Today is cold and gray here in the state of Wisconsin, city of Green Bay. Going outside for a cigarette is not even enjoyable. I want to enjoy my vice. I love smoking, it occupies my fingers, mouth, mind, time. Just to have a smoke I have to bundle up like I'm going snowmobiling without the helmet. I so wished I were in Hawaii at this moment. I wouldn't even be awake yet. It would only be 5am. I would have heroin to look forward to when I woke up.
This morning I woke up thinking about Jess. I know I have a new suitor, but like always I want what I can't have. Plus who knows if this guy I met online will like me when he meets me. I know that I like Jess, I know that I love to fuck him. If only I were prettier, smarter, funnier, had a better attitude, were thinner, were anything but myself. If I were a model with big tits(I have big tits), but not the body to complement them, I would have many suitors. I could date Michale Pitt and fuck him like an animal. Just the thought makes me want to masturbate. Sorry Gledwood my King.
Watch neither of these guys will want anything to do with me in a week. Jess did promise to be my booty call until he found someone he can date. For whatever reason knowing there is another guy out there that might want to fuck me makes me only want to fuck Jess. I can't even explain how perfect Jess' cock is. Plus he's hot , and funny, and smart, and he doesn't want a relationship.

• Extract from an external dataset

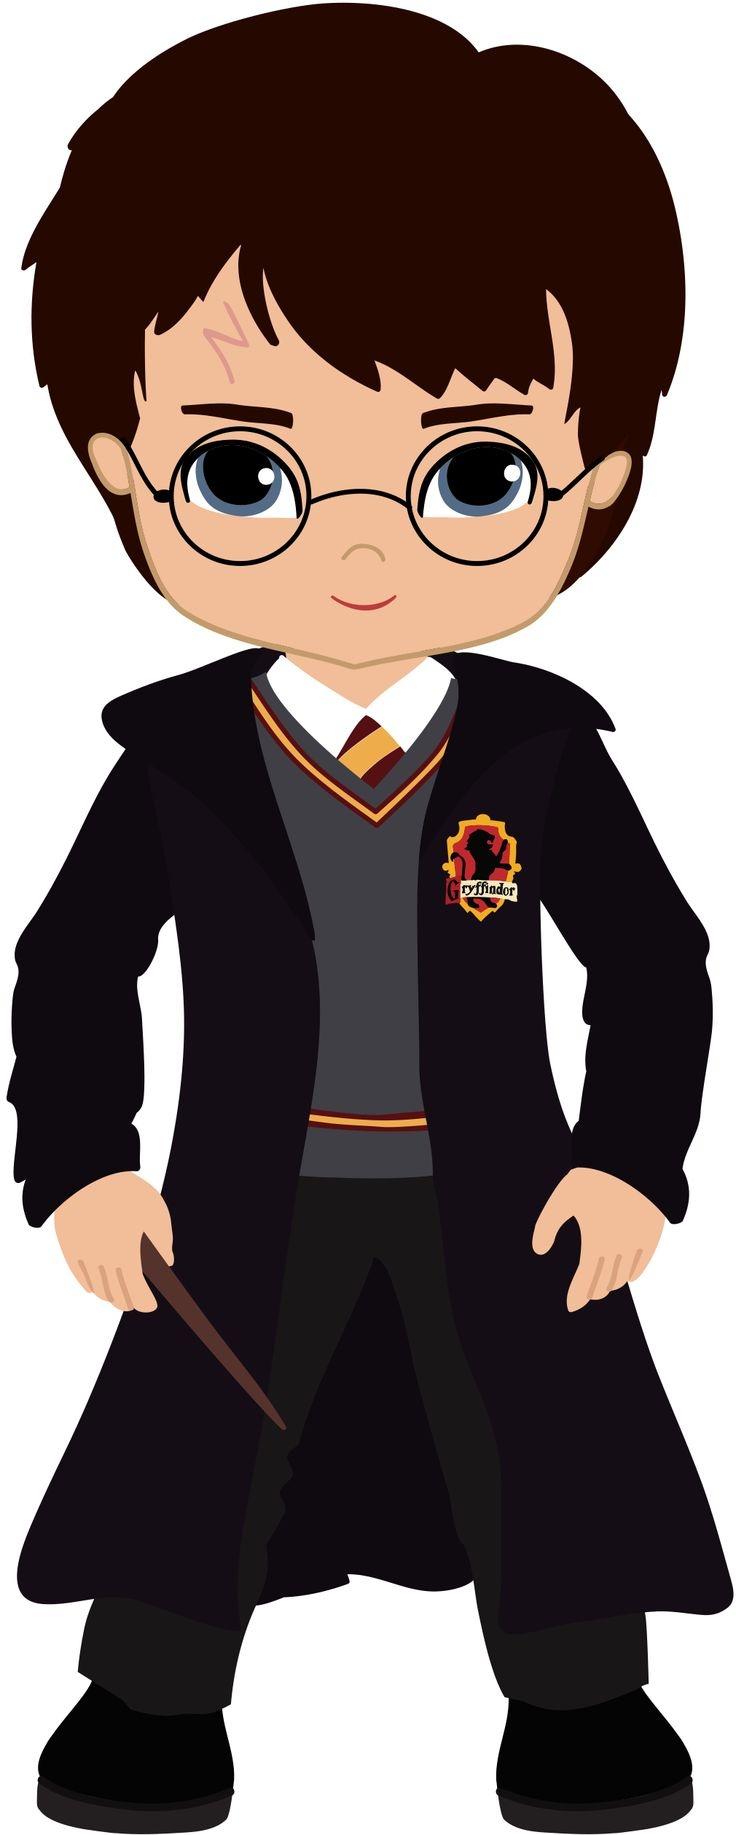 Free Harry Potter Clip Art, Download Free Clip Art, Free Clip Art On - Free Printable Harry Potter Clip Art

Enough about guys. Being off of Methadone is strange. I cry at the drop of a dime. I can smell and taste things better. Showers don't scare me anymore. I can read a book all day again without falling asleep, I have no appetite, I want to walk around every where. My body is getting used to the pill, because my bowel movements are hard again, I still get sick to my stomach like I'm going to throw up in the evening. I've been watching a lot of the Nirvana Unplugged in New York DVD. God was Kurt attractive. Elliott Smith thought he was ugly, but in reality he was beautiful. Just not in the same way as Kurt. Sorry that was a bit off track, I just got up and put in the DVD. Elliott's songs are soul touching. I wish I could have been his lover. Known him as a close friend at least. Why they, two beautiful people with the world at their feet off themselves I just don't understand. I can sympathize, because suicide is back on my mind. But I don't have millions of dollars, I don't have the love of my life... person or Heorin. Elliott I just finished his bio, and it seems he wasn't that big of a junky. He liked uppers a lot. I hope Jesus wanted both of them for sunbeams. See I'm crying over them.
A gun to the head would be a lot easier than all this bullshit. Trying to prove something to a bunch of assholes who I don't need to prove anything to. I'm just a person. Food, shelter, water, its all I need, when did we have to make a stamp on the world. Most of us will die leaving only children behind who will do the same. A few of us will leave something epic behind, music, book, science, math, etc...
If it weren't for my parents I would end it all, stop trying to prove myself in the real world. I don't belong here. I don't want to be here. Every moment I am here I want to be numbed by opiates. I'm too sensitive for this world. Every time you comment and want to hurt me you do it. Worse now that I don't have methadone to shield me. Still I will not disable anon comments. Everyone has the right to their own opinion. Just don't break my soul.